Guardai fuori dalla finestra, seduta sulla poltroncina scura del salotto, mentre buttavo giù del tè caldo a mo' di medicina per cercare di riscaldarmi. Era tutto come ogni domenica mattina da quando abitavo a Seoul, c'era solo una "piccola" differenza: Jimin non era in camera sua.

Scossi leggermente il cellulare per controllare l'ora sul blocca schermo, ma non dovevo svegliare nessuno quella mattina. Jimin si era rifiutato di tornare a casa la sera prima, Tae mi aveva mandato un messaggio per avvisarmi: Ho provato a convincerlo, ma dice di volere rimanere qui stanotte.Lanciai il telefono sul divano, avevo continuato a fissare lo schermo per tutto il tempo, con la speranza di leggere il nome di Jimin in una notifica.

Niente.

Avevo provato a chiamarlo un milione di volte, ma la linea era staccata; avevo iniziato ad odiare persino la voce robotica che mi ripeteva sempre la solita frase.

Perchè devo rovinare sempre tutto?

La suoneria del mio cellulare partì all'improvviso, così mi tuffai sul divano, ma il mio entusiasmo svanì subito.

- Jungkook, dimmi. - risposi con poca voglia.

- Allora è davvero grave. - disse senza salutarmi.

Ero solita chiamarlo Sensei, anche quando rispondevo alle sue chiamate, ma quel giorno non ero in vena di scherzare.

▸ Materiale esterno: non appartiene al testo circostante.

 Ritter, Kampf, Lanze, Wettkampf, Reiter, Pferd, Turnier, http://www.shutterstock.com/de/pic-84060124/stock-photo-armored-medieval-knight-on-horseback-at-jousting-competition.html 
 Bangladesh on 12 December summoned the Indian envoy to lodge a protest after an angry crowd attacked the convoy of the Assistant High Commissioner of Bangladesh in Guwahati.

- Abbiamo litigato. - dissi e cercai di stabilizzare la mia voce.

- Oh.. - fece una piccola pausa - Ieri sera quando mi hai chiesto se Jimin fosse da me, non pensavo che aveste discusso. Vuoi salire un momento da me? -

Dopo essermi resa almeno presentabile, mi recai all'appartamento di Jungkook. Non suonai nemmeno il campanello, perchè conoscevo a memoria il codice per sbloccare il portone d'ingresso. Mi salutò con un piccolo abbraccio e poi mi chiese se avessi gradito una tazza di caffè; un espresso mi avrebbe tirato un po' su, forse. Ci sedemmo l'uno accanto all'altro sul divano chiaro del salotto e fissai la mia bevanda, non sapevo da dove cominciare.

- Ho recuperato la memoria. - esordii.

- Ma è fantastico! Jimin ne sarà contento. - disse entusiasta e quasi fece cadere il caffè americano sul soffice tappeto sotto di noi.

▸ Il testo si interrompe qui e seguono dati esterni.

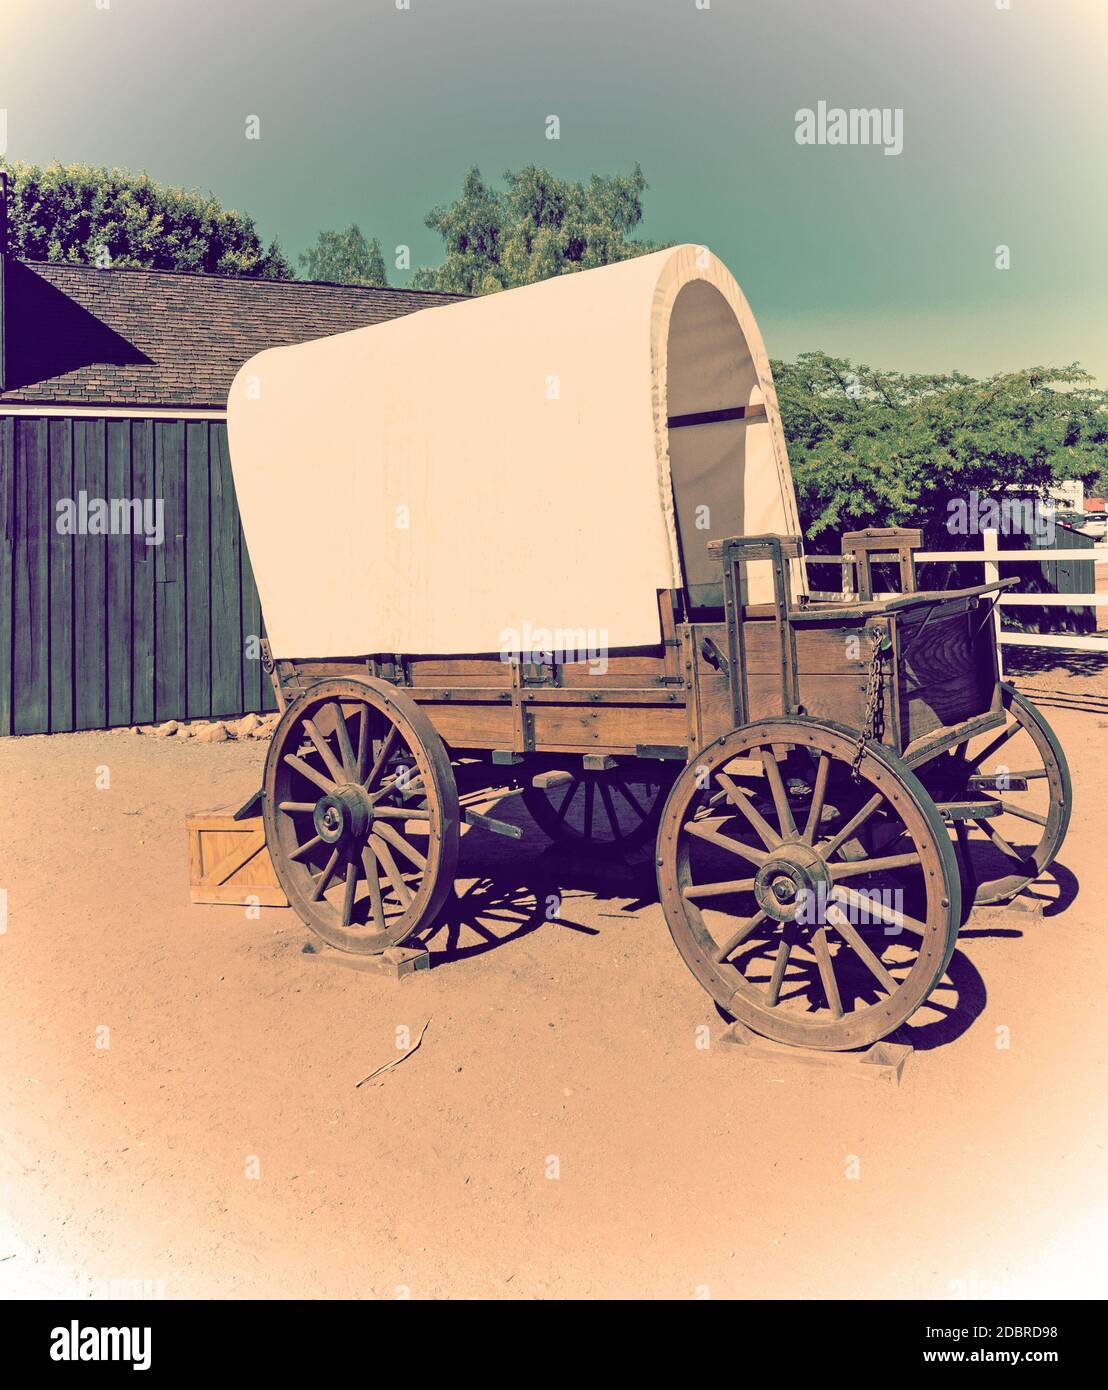 Wild west cart in vintage tone Stock Photo

- Sì. Sarebbe stato contento se glielo avessi detto subito. - non riuscivo a guardare negli occhi nemmeno Jungkook.

- In che senso? -

Gli raccontai del giorno in cui avevo ascoltato The Truth Untold per la prima volta, della mia decisione di fingermi smemorata e della scoperta di Taehyung. Rimase un po' in silenzio, forse stava scegliendo le parole giusto per dire quanto fossi stata meschina ed egoista.

- Speriamo che Jimin non se la prenda con Tae. - commentò solamente.

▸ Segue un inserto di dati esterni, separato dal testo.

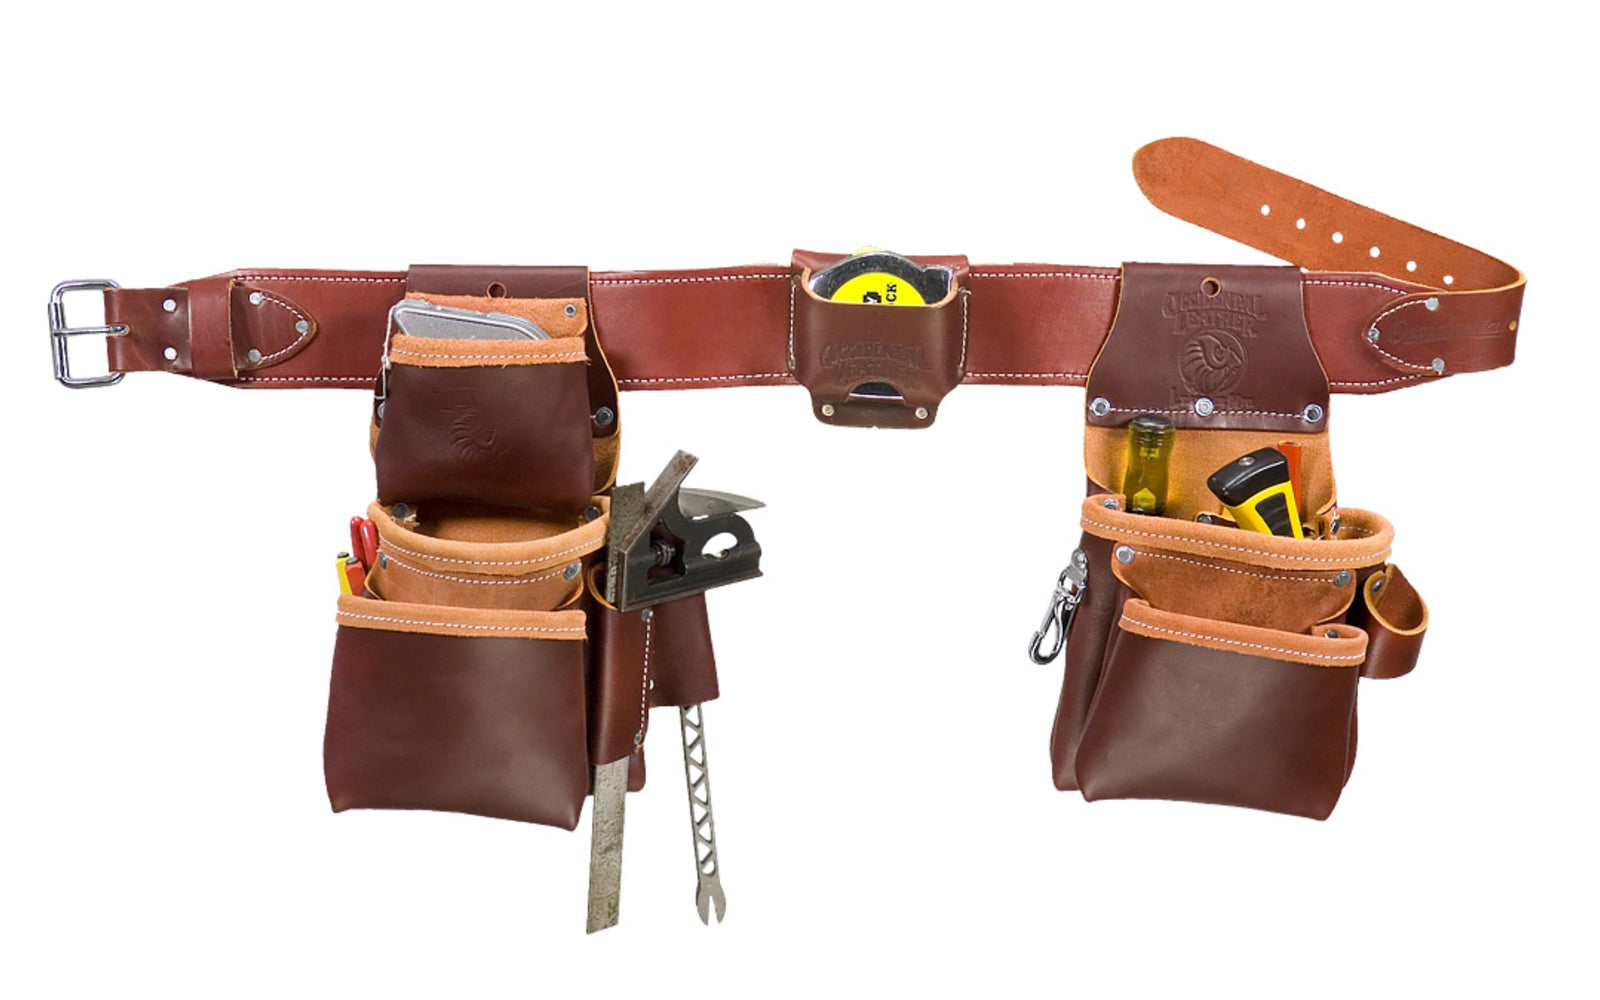 Occidental Leather "Pro Trimmer" Tool Belt Set Package ~ 6100T LG - Large Belt Size (3" Large Ranger Work Belt) - Premium Top-Grain Leather - 18 Pockets & Tool Holders ~ Pro Leather series is made of top grain cow hides tanned with oils & waxes for heavy use. Tool & fastener organization for efficiency ~ Occidental 6100T LG

- Non voglio che litighino per un mio errore. Era talmente arrabbiato...ha ragione. - una lacrima finì nella tazza vuota che rigiravo nervosamente tra le mani.

- Ehi, vedrai che ti ascolterà. Sei troppo importante per lui. Aspetta solo che si sia calmato un po'. - mi confessò sollevandomi il mento con le sue dita lunghe.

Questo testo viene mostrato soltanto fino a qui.